A simple extra-container builds and starts within ~2 sec on a desktop system with warm caches.

3 Likes

Ok thanks, I have no idea what I was doing then. - ah, must have been when I was testing my containers with the vm rebuild! (which is still not a container problem.)

This is really cool. I have a use case where it would be particularly nice if I could run multiple instances of the same container. (Normally I would just say, multiple containers from the same specification, which somehow seems more proper).
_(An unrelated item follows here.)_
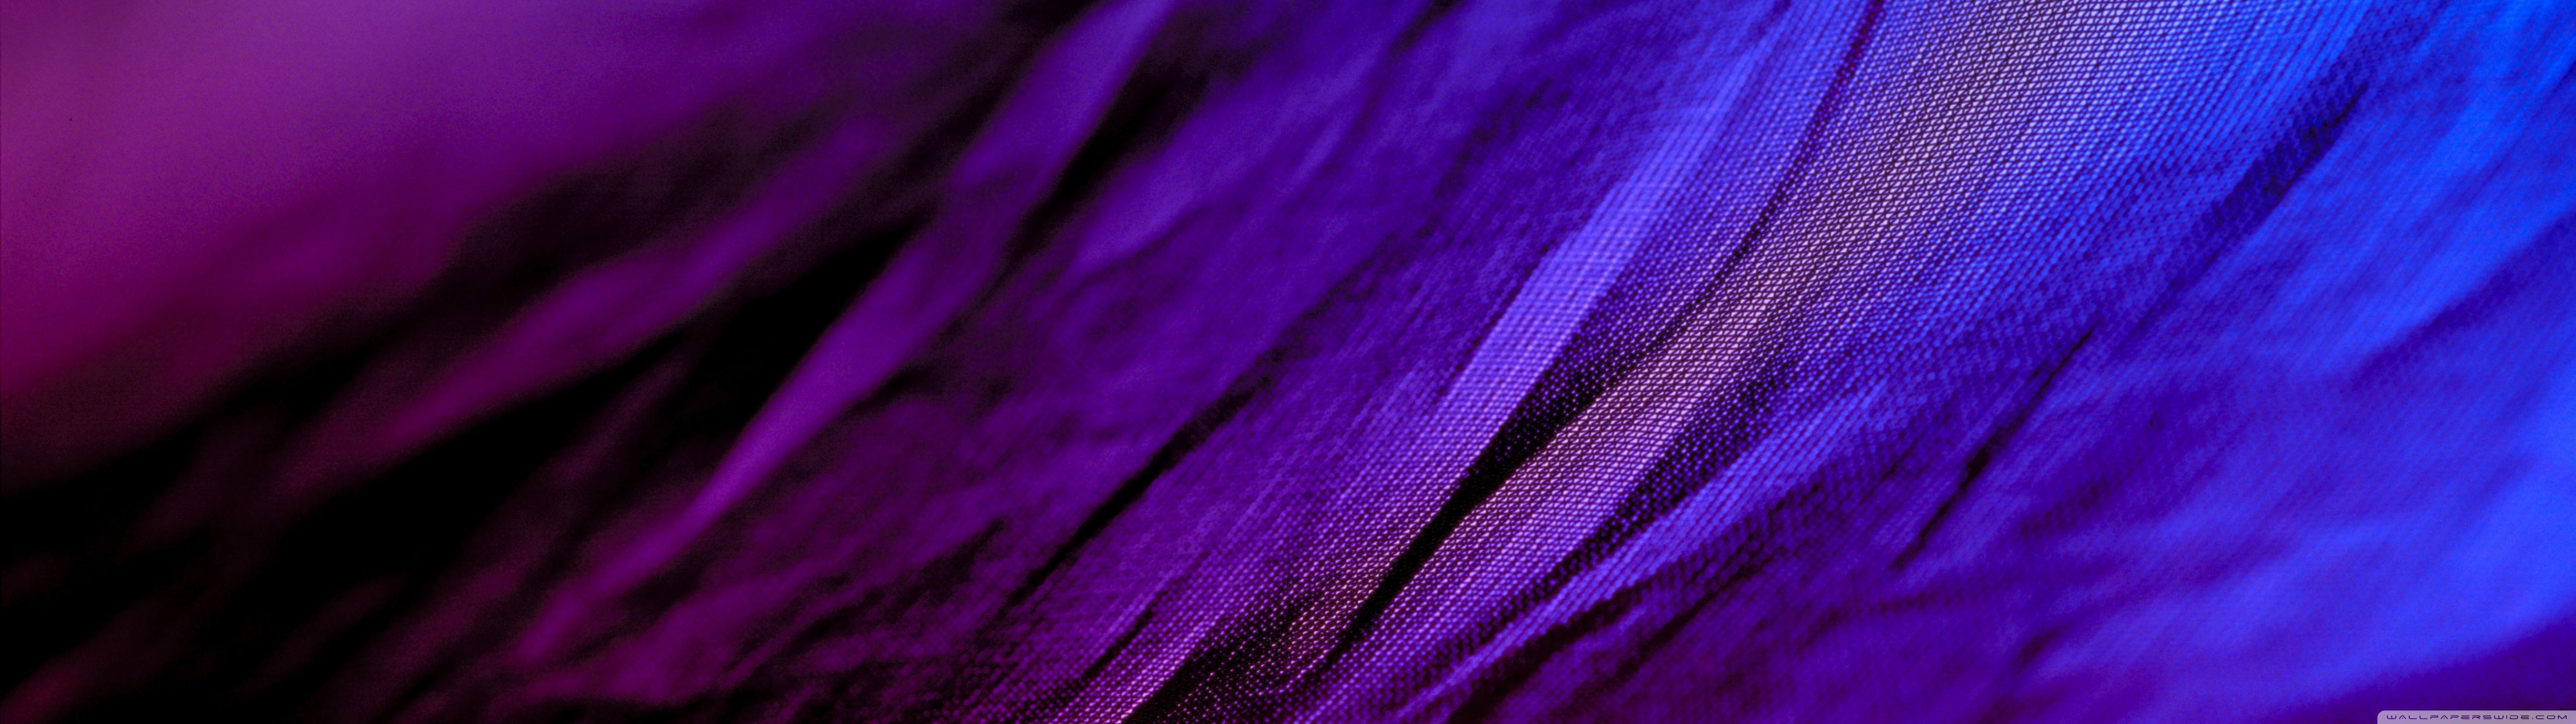 Purple: Màu tím là một màu sắc đầy quyến rũ, tinh tế và đầy cá tính. Hãy cùng ngắm nhìn bức ảnh liên quan đến màu tím để tận hưởng cảm giác thư giãn và tinh tế. Màu tím còn đại diện cho những điều may mắn và thanh lịch trong phong thủy, bạn còn chờ đợi gì mà không tìm hiểu thêm về màu sắc này?

Is this currently possible, or something that might be possible to add?

Thanks!

You can simply define multiple containers with the same config:

extra-container create -s <<'EOF'
{ config, pkgs, lib, ... }:
let
  sharedConfig = {
    config = {
      systemd.services.hello = {
        wantedBy = [ "multi-user.target" ];
        script = "while true; do echo hello | ${pkgs.netcat}/bin/nc -lN 50; done";
      };
    };
  };
in {
  containers = {
    instance1 = sharedConfig;
    instance2 = sharedConfig;
  };
}
EOF
1 Like

Thanks, I see.

My use cases is essentially creating an isolated environment for users in a dynamic way, so I can’t really define all instances ahead of time. In that case, I wonder if this would work, and if there would be any downsides to it? Basically, i would have a script run this command, with instanceName dynamically generated:

extra-container create -s <<'EOF'
{ config, pkgs, lib, ... }:
let
  sharedConfig = {
    config = {
      systemd.services.hello = {
        wantedBy = [ "multi-user.target" ];
        script = "while true; do echo hello | ${pkgs.netcat}/bin/nc -lN 50; done";
      };
    };
  };
in {
  containers = {
    instanceName= sharedConfig;
  };
}
EOF

sharedConfig could probably be factored out, though I don’t know if it matters since I think Nix should be able to tell if nix expressions defined in multiple places are effectively identical.

What would be the typical start up time of a container that doesn’t have any services or other extra initialization in this fashion? I’m hoping fairly quick - otherwise I may stick with a running container, possibly going with your original suggestion and firing up multiple instances and rotating between them as a compromise.

What exactly should these isolated environments contain?

Typically, these would just be custom-software environments (containing a number of packages from nixpkgs), so nothing very special. I might rely on the fact that these are using systemd-nspawn containers to enforce some restrictions, but these would be done at lower levels (iiirc through machinectl, cgroups, etc). But basically I was just using the term “isolated environment” in the usual sense of what a container is: isolated filesystems certainly, and isolated processes, but possibly other things as well - isolated users for instance. I assume the underlying packages, at least, are shared through the host’s /nix/store as usual.